By Ronan Shields | Digital Editor

August 7, 2015 | 3 min read

Digital giants such as Amazon and Google could face stringent security laws requiring them to adopt the highest possible security measures when it comes to protecting their users’ data under draft legislation currently being debated by the EU, according to reports.

A Reuters report claims such firms – broadly classified as “digital service providers” – are likely to fall within rules laid out by the Network & Information Security Directive, similar to energy and financial firms, which is currently being drafted by European politicians.

The laws could ask digital service outfits to adopt security measures requiring them to report any breaches that could lead to their customers’ information being compromised.

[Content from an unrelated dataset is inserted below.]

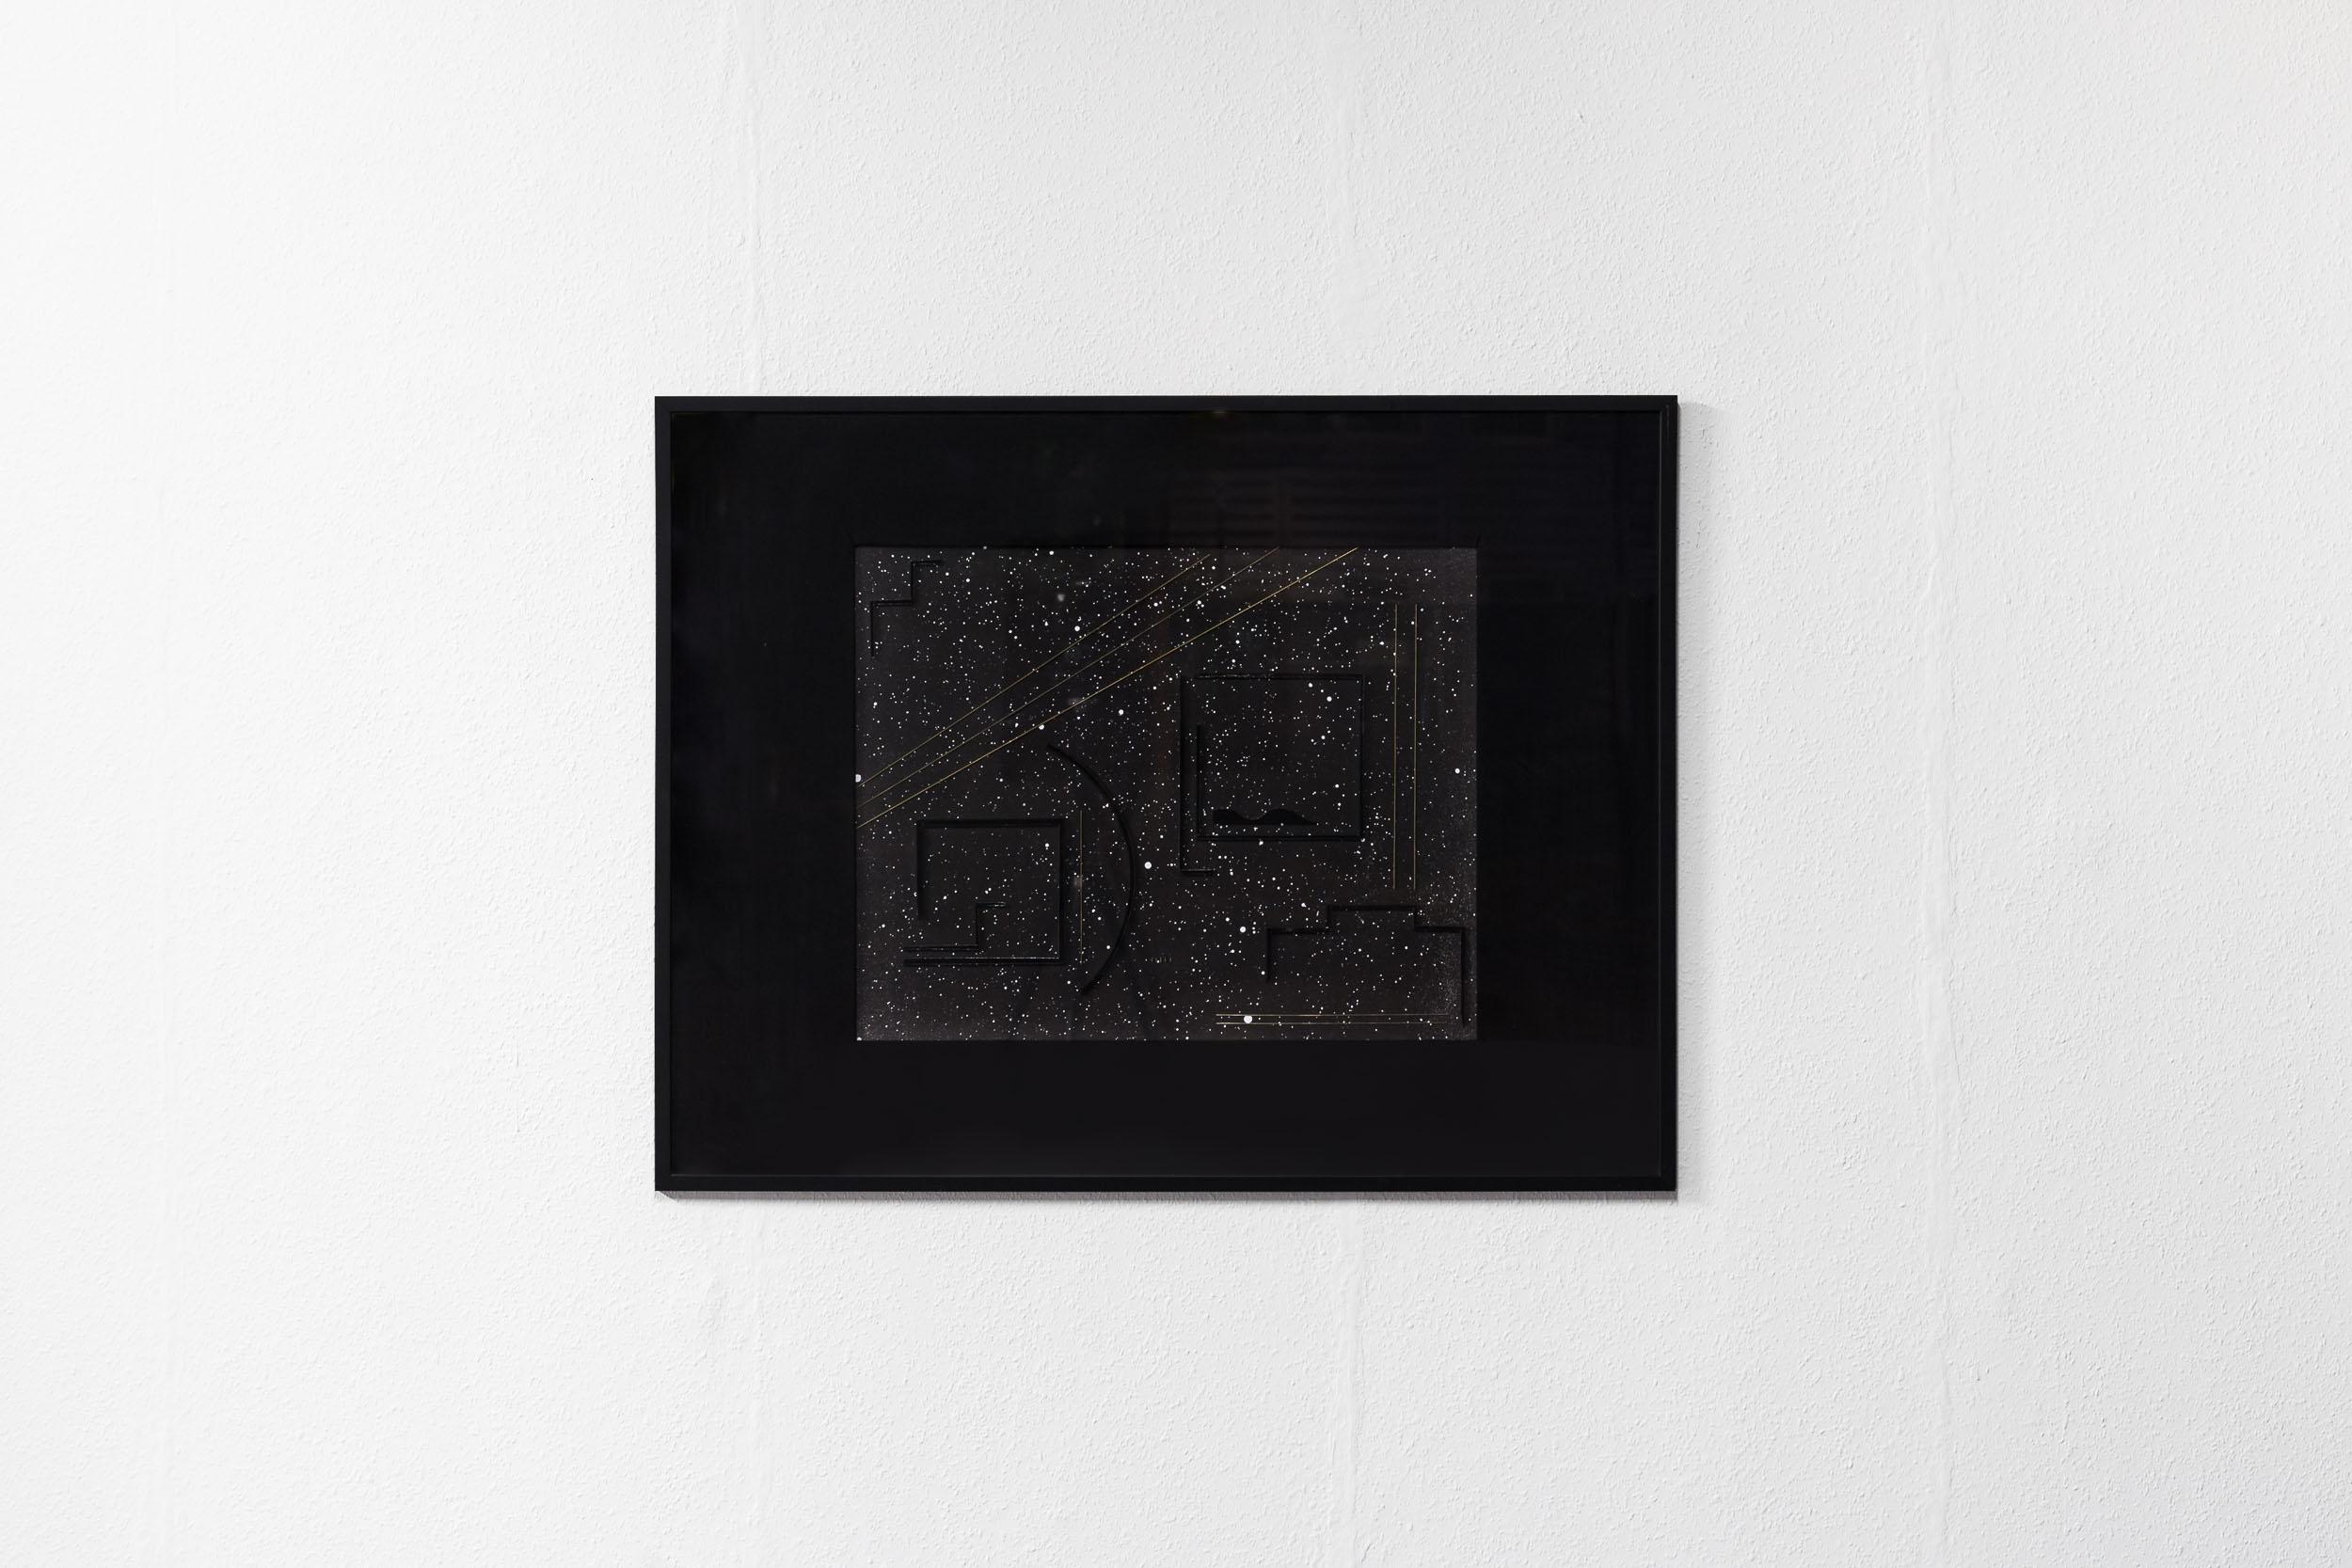 Kirstine Roepstorff,  Spherical Music 5 , 2012, Collage: cardboard, brass, 31 x 71 cm   Photo: Kilian Bannwart

Politicians from across the EU’s 28 members states are scheduled to meet and debate the proposals further next month, with sources quoted in the piece claiming those driving the legislation fail to understand the realities of the digital service industry.

With enterprises, and marketing departments in particular, increasingly relying on ‘big data’ to improve targeting and customer retention, the issue of data protection is becoming an increasingly important issue.

The importance of which was laid out earlier in the week when UK data protection body the Information Commissioner’s Office (ICO) handed out a £180,000 fine to payday lender The Money Shop for a series of breaches that compromised its customers’ information.

Thepayday lender was judged not to take proper precautions to protect customer information in separate incidents – during a burglary at one of its stores in Co. Armagh, plus the loss of a second server en route to a different outlet in Swindon – meant a ”motivated expert user” could gain access to customer information.

Similarly, the importance of IT security was also raised this week, when it emerged that Yahoo had fallen victim to an unprecedented ‘malvertising’ attack after hackers broke into its ad network, according to security firm Malwarebytes.

According to the firm, hackers exploited a vulnerability in Adobe Flash on 28 July to make their entry and propagate through Yahoo’s ads for a week, potentially putting up to 100m monthly visitors to yahoo’s suite of sites at risk.